# [Given records]
-.-.-

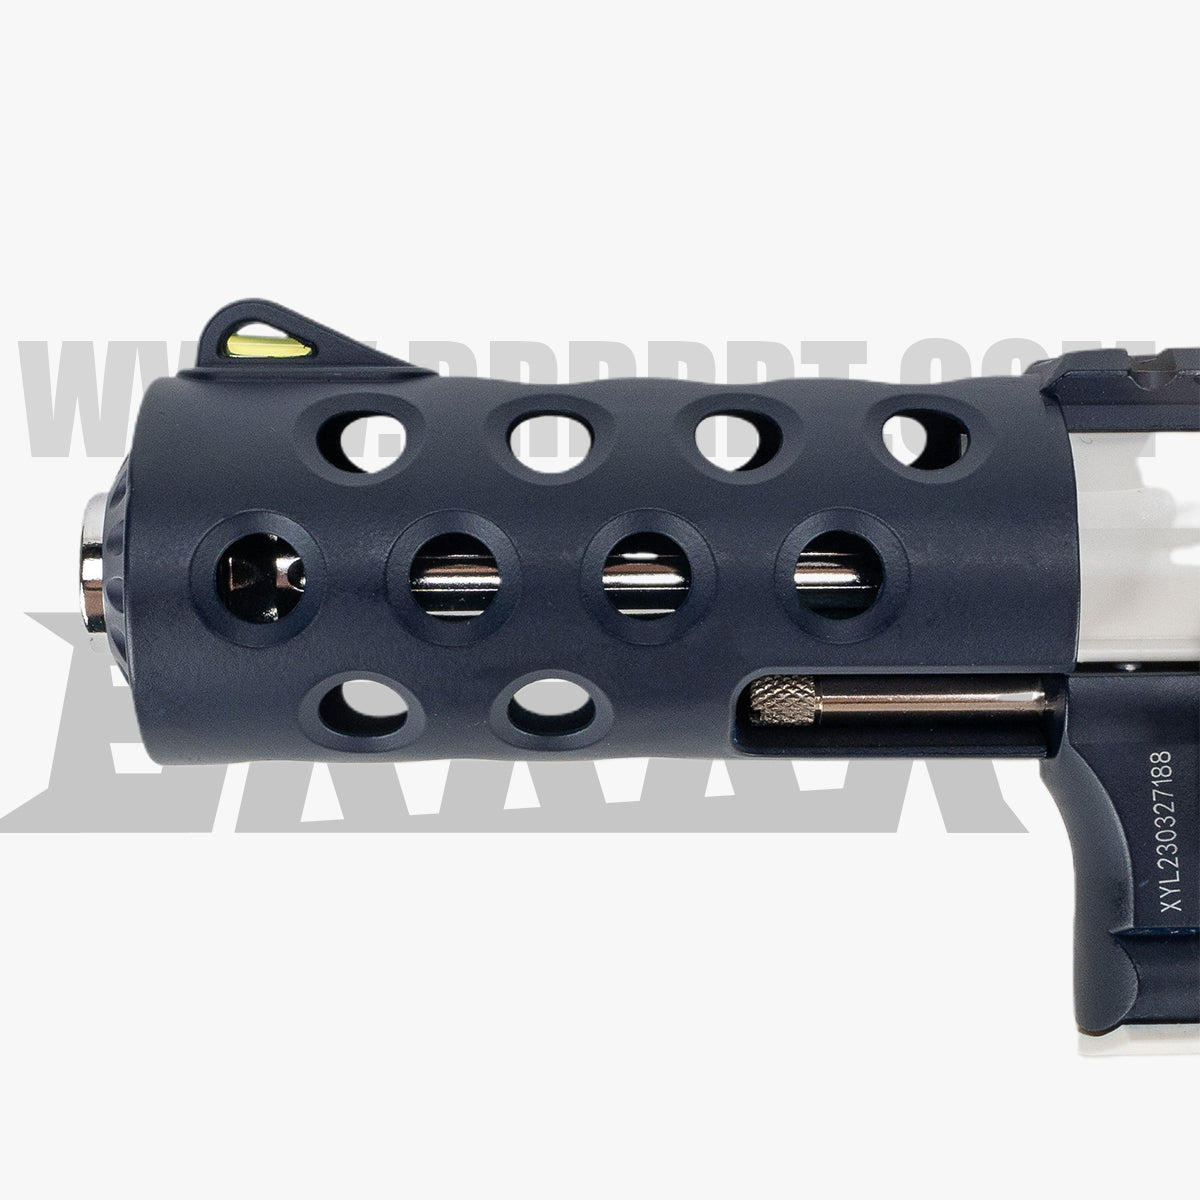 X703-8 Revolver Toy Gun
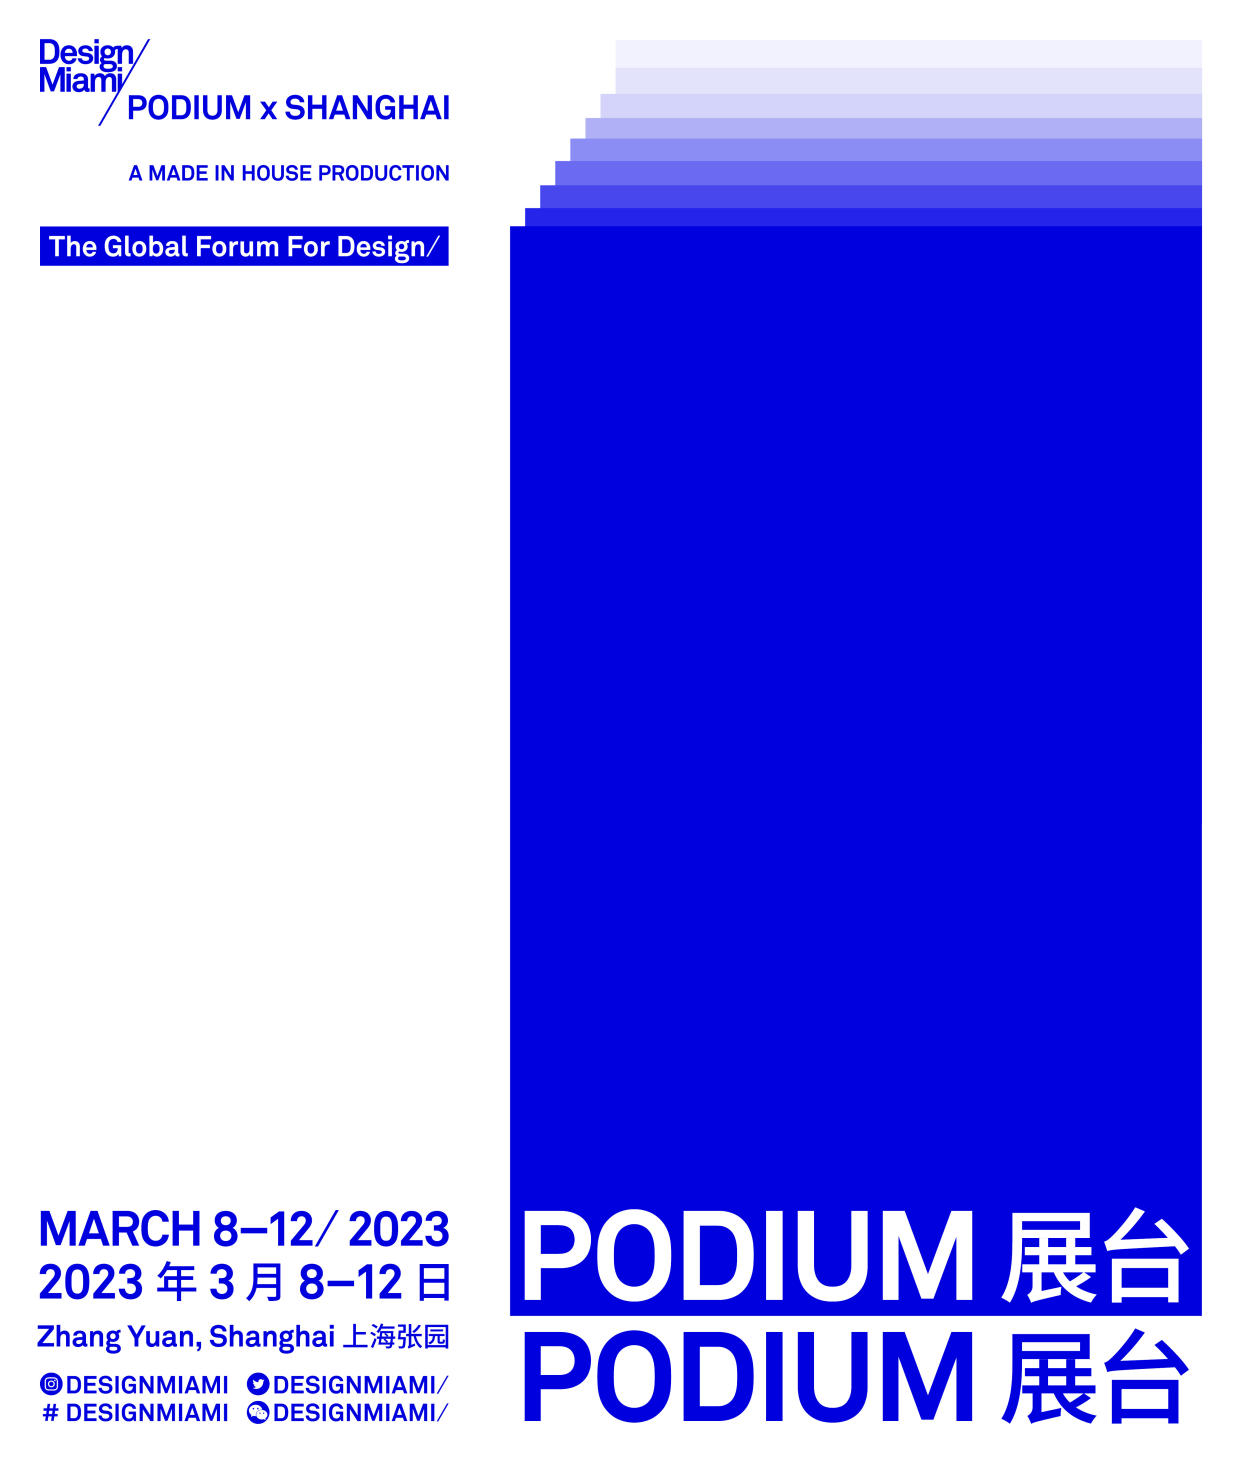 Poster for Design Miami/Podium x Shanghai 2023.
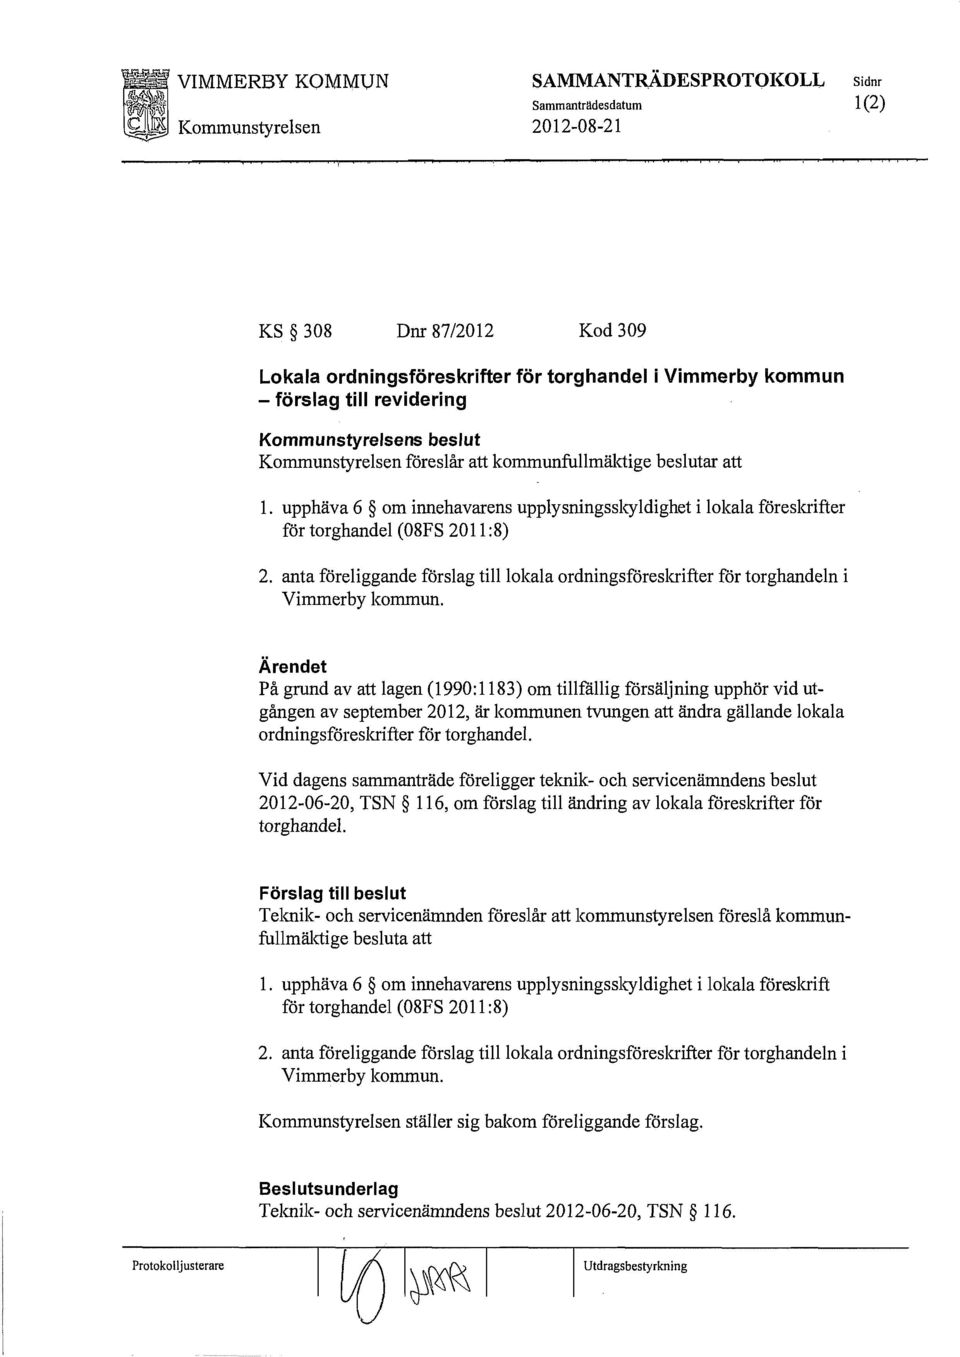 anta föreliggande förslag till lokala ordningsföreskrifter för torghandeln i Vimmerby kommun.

-.-.-

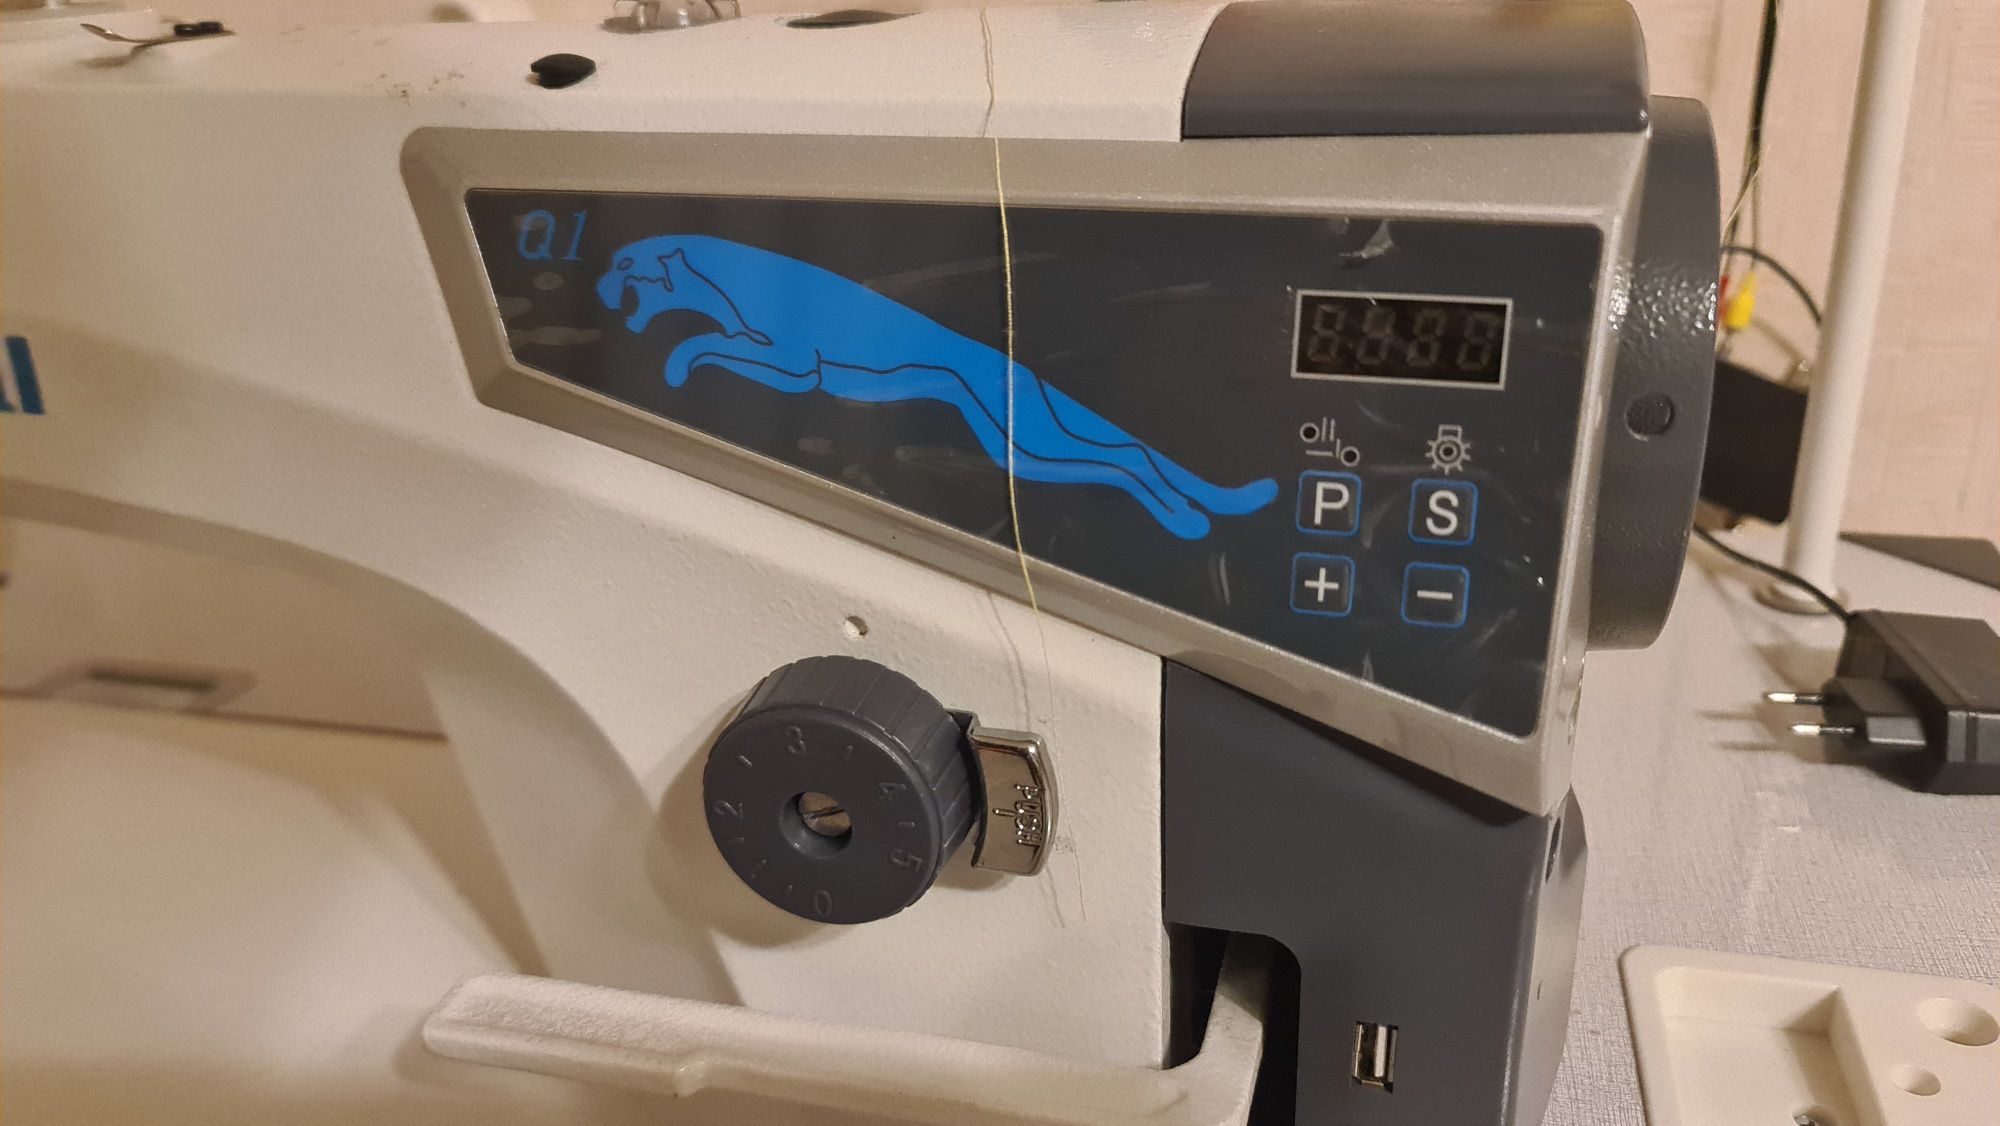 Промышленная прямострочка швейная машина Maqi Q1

-.-.-

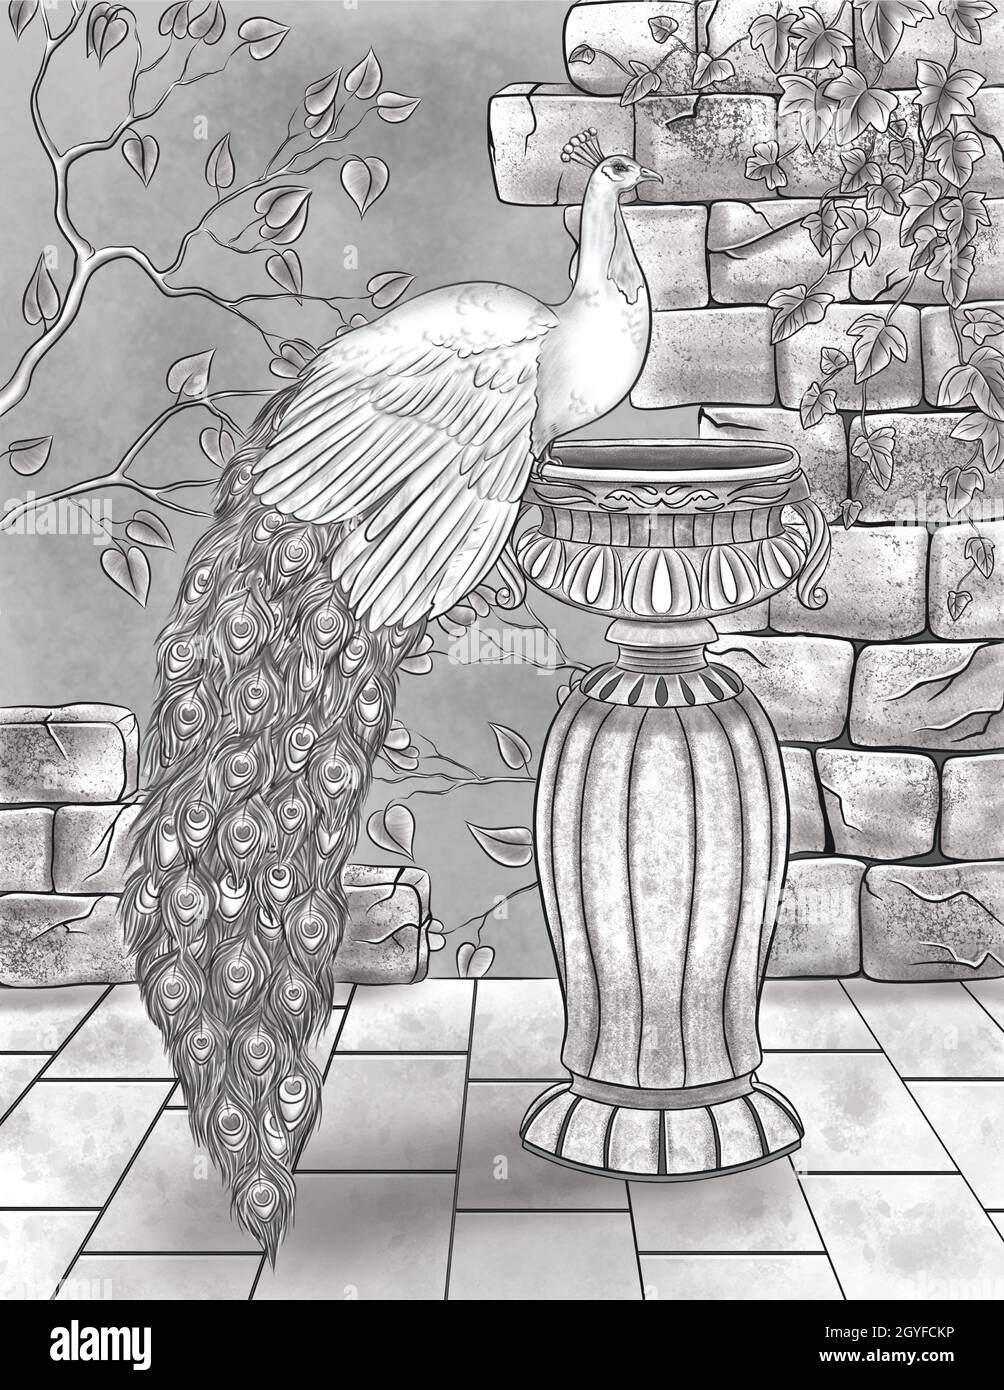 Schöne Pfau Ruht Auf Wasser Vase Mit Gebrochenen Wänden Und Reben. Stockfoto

-.-.-

# [How to complete this task]
Please output the lines above beginning at the line with "X703-8 Revolver Toy Gun" and ending after the line with "anta föreliggande förslag", precisely as written and with no pictures.

# [Task solution]
 X703-8 Revolver Toy Gun
 Poster for Design Miami/Podium x Shanghai 2023.
 anta föreliggande förslag till lokala ordningsföreskrifter för torghandeln i Vimmerby kommun.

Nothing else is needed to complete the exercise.